=== AIM OF THE TASK ===
In the data below, find the line with "Vintage 'Cuba Correos'" and the line with "Schemat graficzny przedstawiający", then restate both and every line between them exactly, minus the pictures.

=== EXERCISE DATA ===
--- START ---
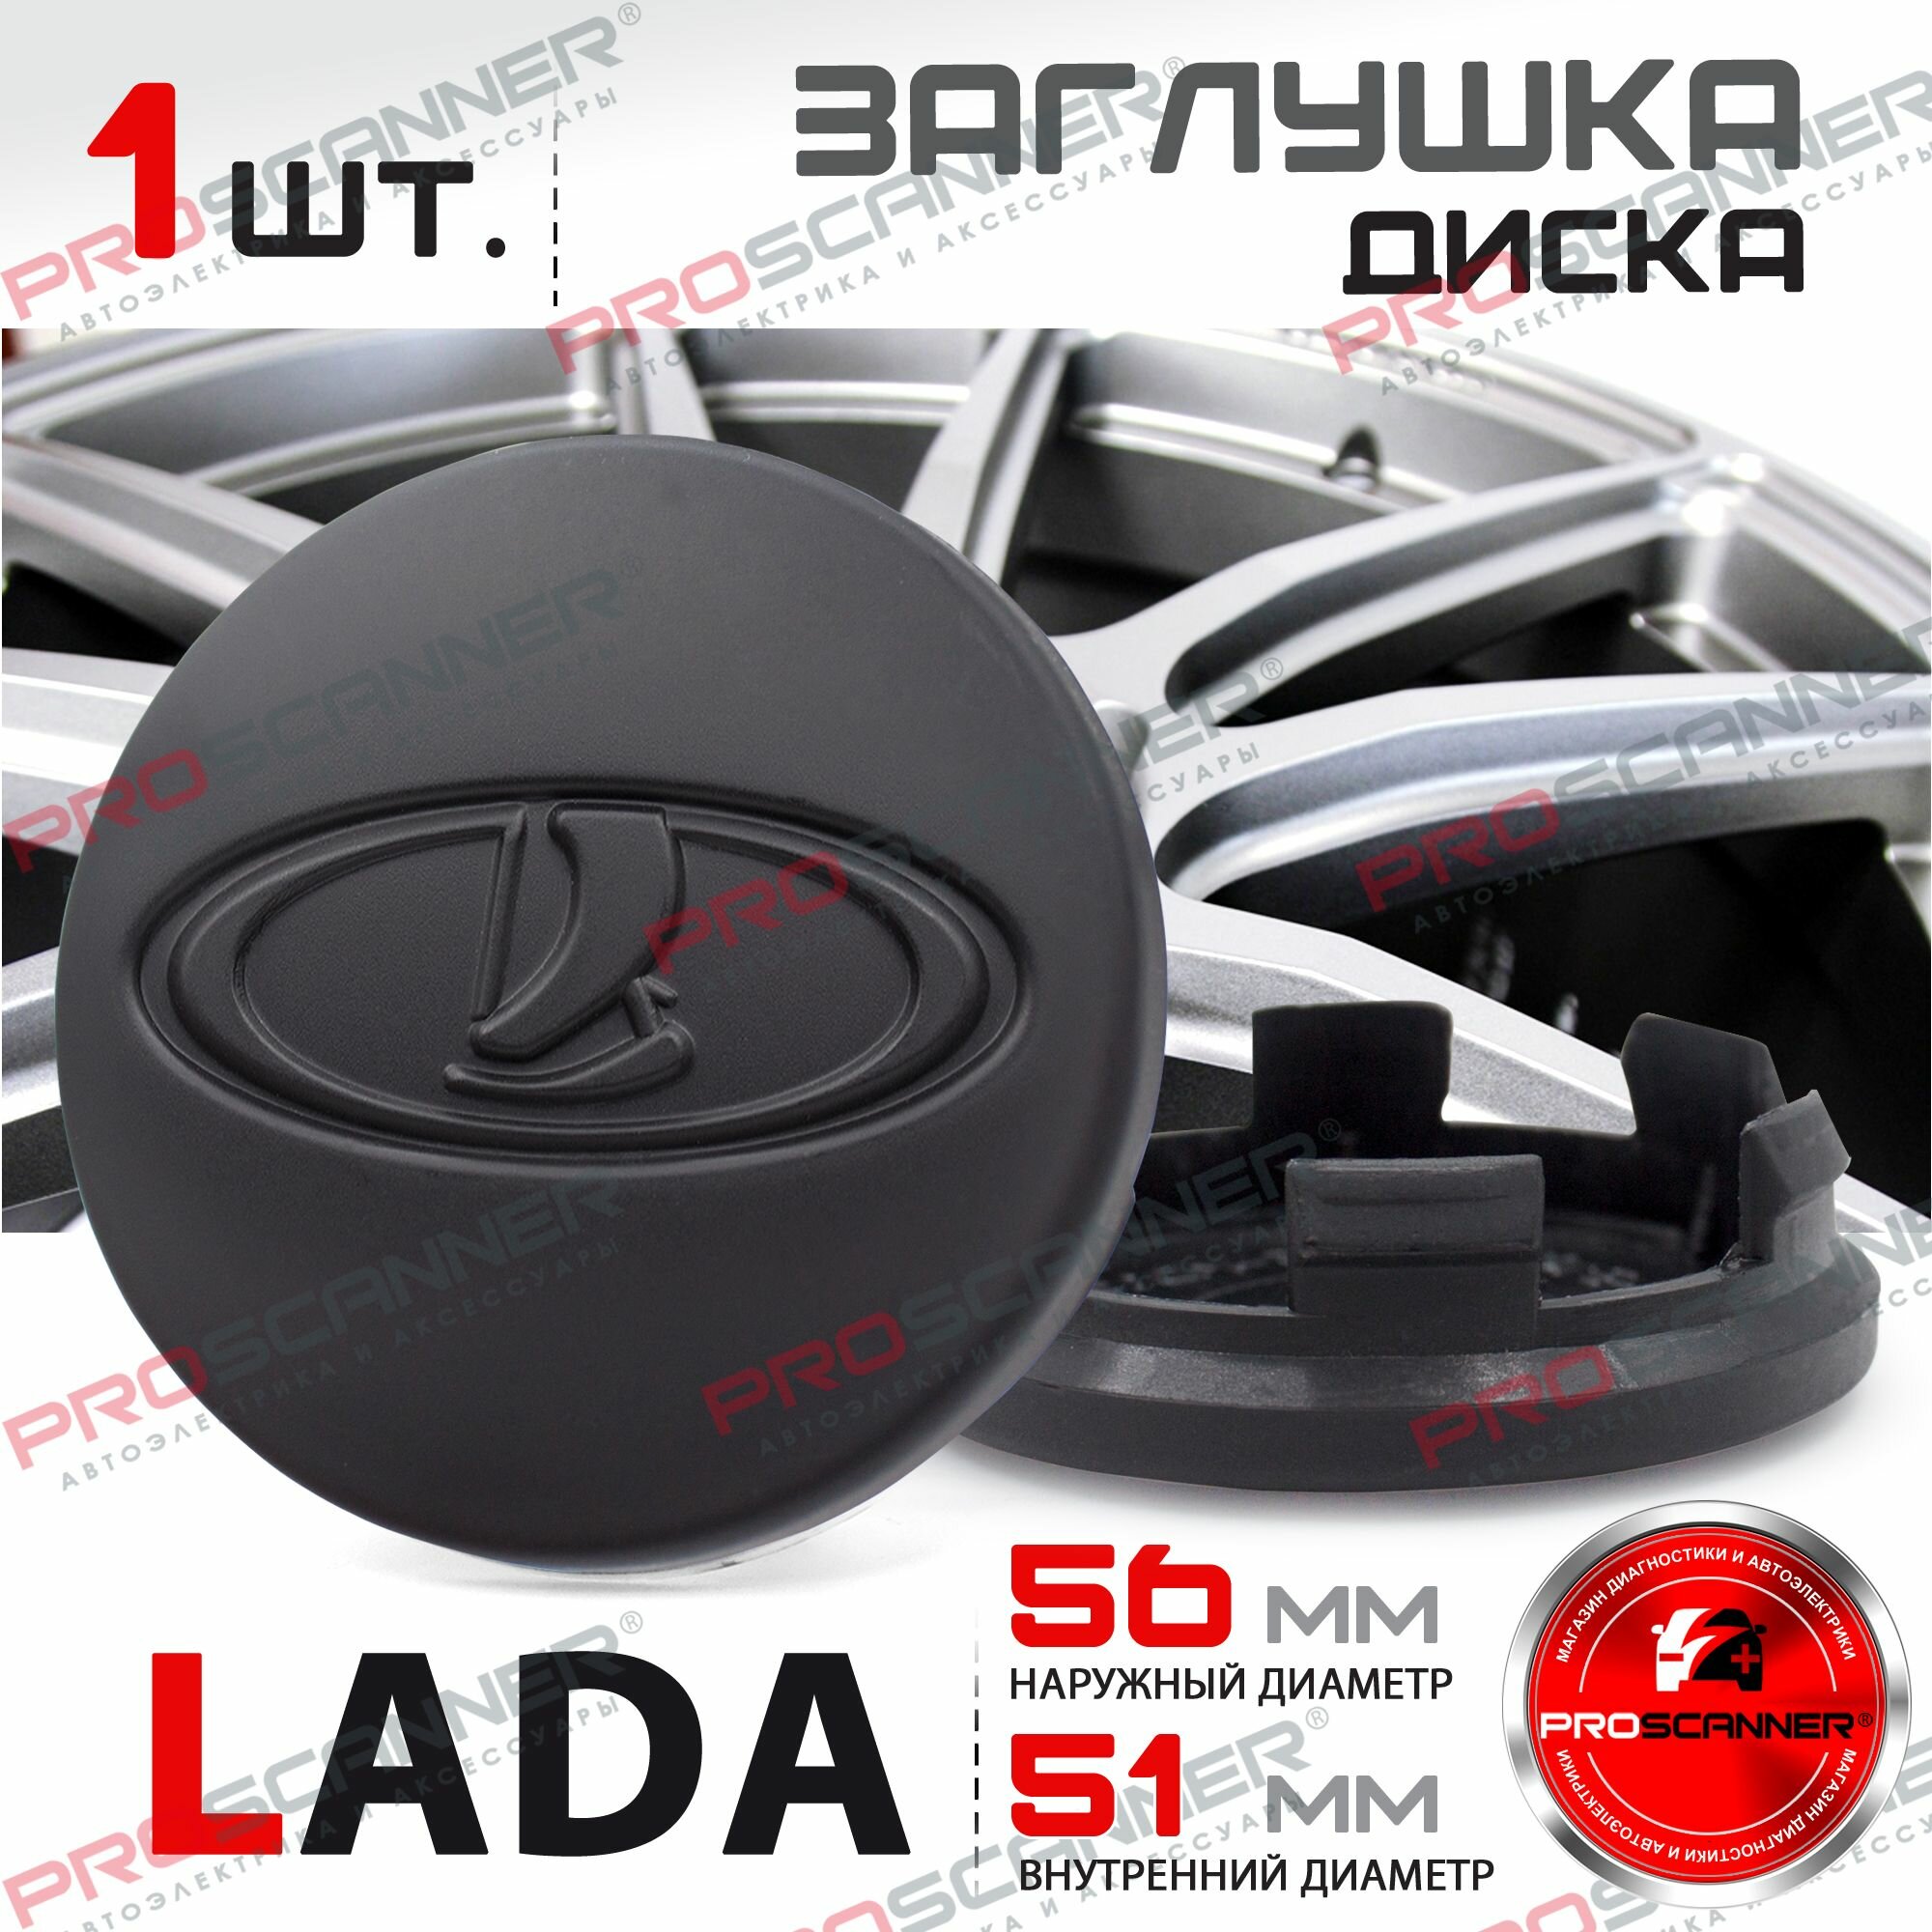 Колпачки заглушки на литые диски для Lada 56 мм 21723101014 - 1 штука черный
--- END ---
--- START ---
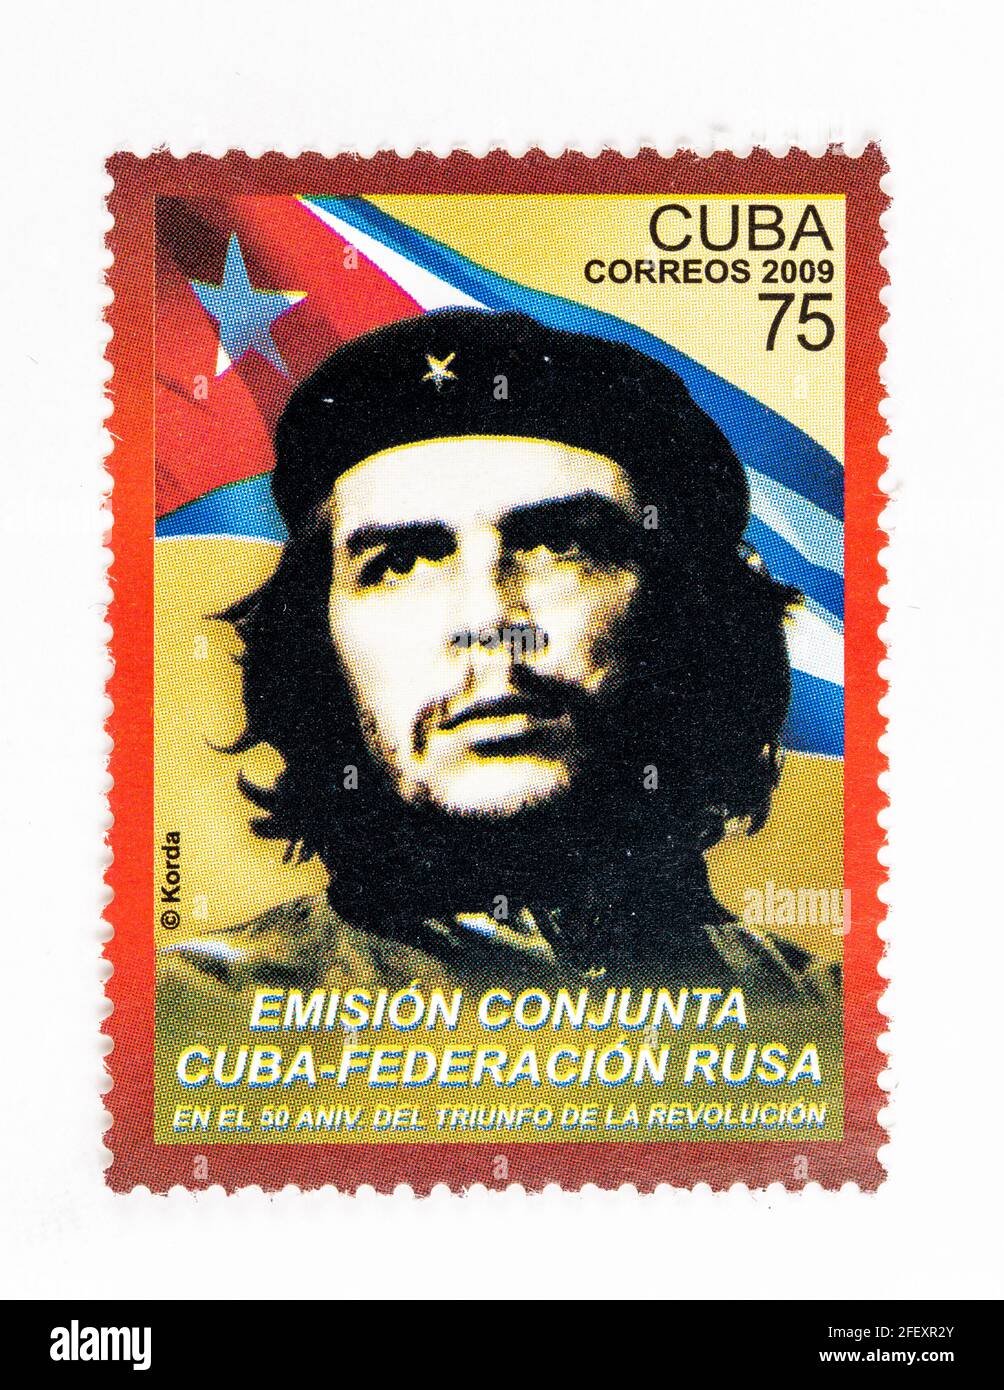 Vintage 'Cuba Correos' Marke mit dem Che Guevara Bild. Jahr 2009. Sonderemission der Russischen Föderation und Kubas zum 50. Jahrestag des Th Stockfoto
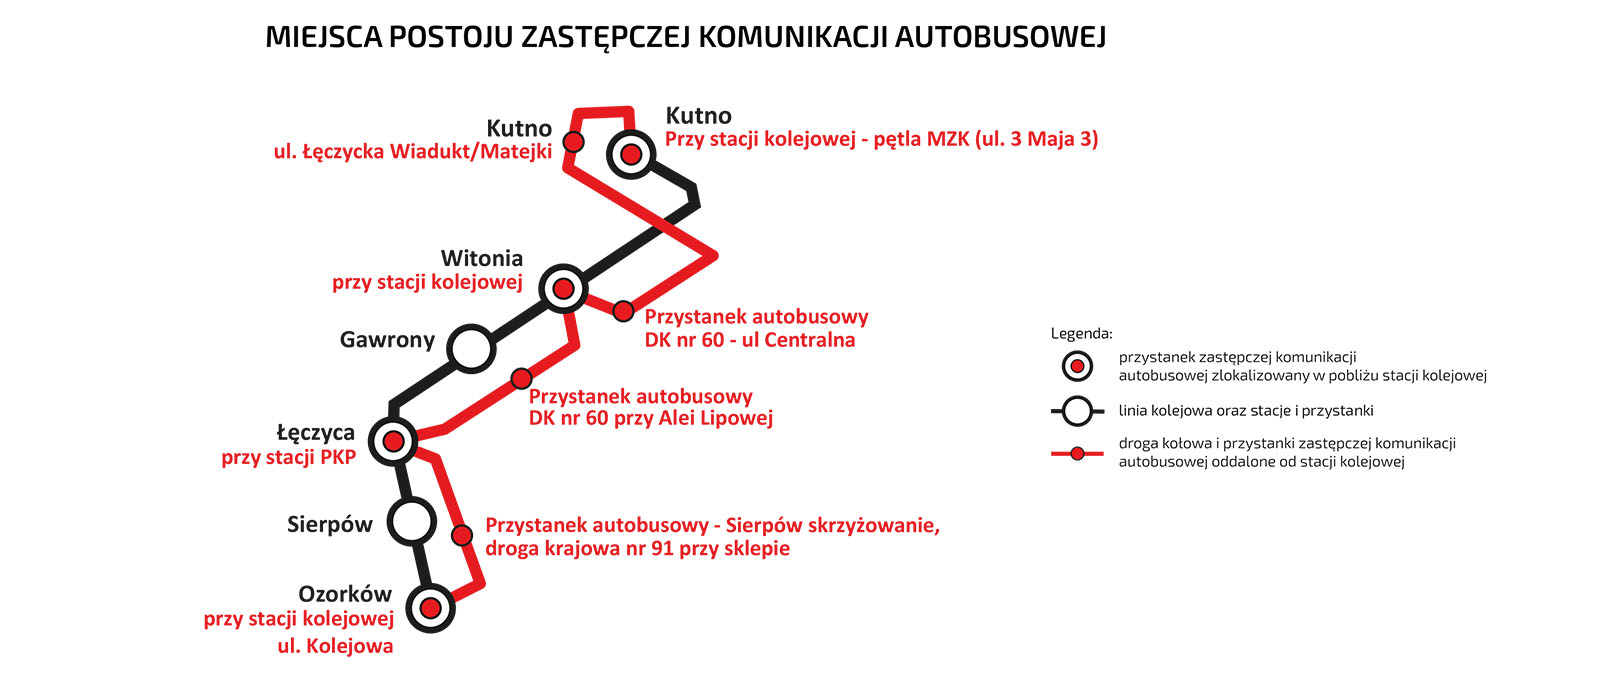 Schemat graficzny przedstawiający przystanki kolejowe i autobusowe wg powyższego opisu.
--- END ---
=== YOUR SOLUTION ===
 Vintage 'Cuba Correos' Marke mit dem Che Guevara Bild. Jahr 2009. Sonderemission der Russischen Föderation und Kubas zum 50. Jahrestag des Th Stockfoto
 Schemat graficzny przedstawiający przystanki kolejowe i autobusowe wg powyższego opisu.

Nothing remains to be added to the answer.